* _PROBLEM DETAILS_
Can you output the records below exactly as they are written?

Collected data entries

────────

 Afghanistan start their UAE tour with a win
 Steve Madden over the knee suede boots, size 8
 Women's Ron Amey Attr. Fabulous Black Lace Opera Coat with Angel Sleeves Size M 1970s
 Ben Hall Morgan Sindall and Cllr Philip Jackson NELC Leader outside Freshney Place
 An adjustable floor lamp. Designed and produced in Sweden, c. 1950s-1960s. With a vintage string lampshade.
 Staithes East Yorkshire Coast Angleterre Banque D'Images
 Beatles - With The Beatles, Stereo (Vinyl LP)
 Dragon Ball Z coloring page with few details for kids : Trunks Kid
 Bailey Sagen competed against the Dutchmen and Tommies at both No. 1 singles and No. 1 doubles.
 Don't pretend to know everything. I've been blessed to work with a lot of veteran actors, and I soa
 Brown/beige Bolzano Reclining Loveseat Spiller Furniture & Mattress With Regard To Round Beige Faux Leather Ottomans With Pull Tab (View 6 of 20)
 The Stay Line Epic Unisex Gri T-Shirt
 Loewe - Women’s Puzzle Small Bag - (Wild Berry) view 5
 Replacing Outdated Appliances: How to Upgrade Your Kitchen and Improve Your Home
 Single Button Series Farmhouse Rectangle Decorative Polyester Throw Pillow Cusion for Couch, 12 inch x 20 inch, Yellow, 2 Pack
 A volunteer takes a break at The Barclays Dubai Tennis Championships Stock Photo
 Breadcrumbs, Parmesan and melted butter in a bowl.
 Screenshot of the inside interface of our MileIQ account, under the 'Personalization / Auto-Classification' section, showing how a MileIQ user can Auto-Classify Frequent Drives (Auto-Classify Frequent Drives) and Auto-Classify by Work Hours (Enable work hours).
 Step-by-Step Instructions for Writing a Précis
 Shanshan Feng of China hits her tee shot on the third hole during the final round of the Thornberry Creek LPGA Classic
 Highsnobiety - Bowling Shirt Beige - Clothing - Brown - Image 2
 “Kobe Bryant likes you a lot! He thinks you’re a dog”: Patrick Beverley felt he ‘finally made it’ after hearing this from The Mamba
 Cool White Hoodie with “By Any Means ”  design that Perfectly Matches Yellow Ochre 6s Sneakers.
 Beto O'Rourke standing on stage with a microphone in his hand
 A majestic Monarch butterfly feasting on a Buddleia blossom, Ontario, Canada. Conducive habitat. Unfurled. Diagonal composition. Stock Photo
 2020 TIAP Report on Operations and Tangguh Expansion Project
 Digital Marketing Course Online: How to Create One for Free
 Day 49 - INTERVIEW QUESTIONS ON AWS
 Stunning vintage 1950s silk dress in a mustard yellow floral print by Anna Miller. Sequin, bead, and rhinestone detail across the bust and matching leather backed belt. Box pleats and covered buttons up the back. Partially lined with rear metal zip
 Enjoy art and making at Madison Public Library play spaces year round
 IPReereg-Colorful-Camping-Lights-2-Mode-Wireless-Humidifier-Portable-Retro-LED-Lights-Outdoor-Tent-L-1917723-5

────────

* _ANSWER AREA_
 Afghanistan start their UAE tour with a win
 Steve Madden over the knee suede boots, size 8
 Women's Ron Amey Attr. Fabulous Black Lace Opera Coat with Angel Sleeves Size M 1970s
 Ben Hall Morgan Sindall and Cllr Philip Jackson NELC Leader outside Freshney Place
 An adjustable floor lamp. Designed and produced in Sweden, c. 1950s-1960s. With a vintage string lampshade.
 Staithes East Yorkshire Coast Angleterre Banque D'Images
 Beatles - With The Beatles, Stereo (Vinyl LP)
 Dragon Ball Z coloring page with few details for kids : Trunks Kid
 Bailey Sagen competed against the Dutchmen and Tommies at both No. 1 singles and No. 1 doubles.
 Don't pretend to know everything. I've been blessed to work with a lot of veteran actors, and I soa
 Brown/beige Bolzano Reclining Loveseat Spiller Furniture & Mattress With Regard To Round Beige Faux Leather Ottomans With Pull Tab (View 6 of 20)
 The Stay Line Epic Unisex Gri T-Shirt
 Loewe - Women’s Puzzle Small Bag - (Wild Berry) view 5
 Replacing Outdated Appliances: How to Upgrade Your Kitchen and Improve Your Home
 Single Button Series Farmhouse Rectangle Decorative Polyester Throw Pillow Cusion for Couch, 12 inch x 20 inch, Yellow, 2 Pack
 A volunteer takes a break at The Barclays Dubai Tennis Championships Stock Photo
 Breadcrumbs, Parmesan and melted butter in a bowl.
 Screenshot of the inside interface of our MileIQ account, under the 'Personalization / Auto-Classification' section, showing how a MileIQ user can Auto-Classify Frequent Drives (Auto-Classify Frequent Drives) and Auto-Classify by Work Hours (Enable work hours).
 Step-by-Step Instructions for Writing a Précis
 Shanshan Feng of China hits her tee shot on the third hole during the final round of the Thornberry Creek LPGA Classic
 Highsnobiety - Bowling Shirt Beige - Clothing - Brown - Image 2
 “Kobe Bryant likes you a lot! He thinks you’re a dog”: Patrick Beverley felt he ‘finally made it’ after hearing this from The Mamba
 Cool White Hoodie with “By Any Means ”  design that Perfectly Matches Yellow Ochre 6s Sneakers.
 Beto O'Rourke standing on stage with a microphone in his hand
 A majestic Monarch butterfly feasting on a Buddleia blossom, Ontario, Canada. Conducive habitat. Unfurled. Diagonal composition. Stock Photo
 2020 TIAP Report on Operations and Tangguh Expansion Project
 Digital Marketing Course Online: How to Create One for Free
 Day 49 - INTERVIEW QUESTIONS ON AWS
 Stunning vintage 1950s silk dress in a mustard yellow floral print by Anna Miller. Sequin, bead, and rhinestone detail across the bust and matching leather backed belt. Box pleats and covered buttons up the back. Partially lined with rear metal zip
 Enjoy art and making at Madison Public Library play spaces year round
 IPReereg-Colorful-Camping-Lights-2-Mode-Wireless-Humidifier-Portable-Retro-LED-Lights-Outdoor-Tent-L-1917723-5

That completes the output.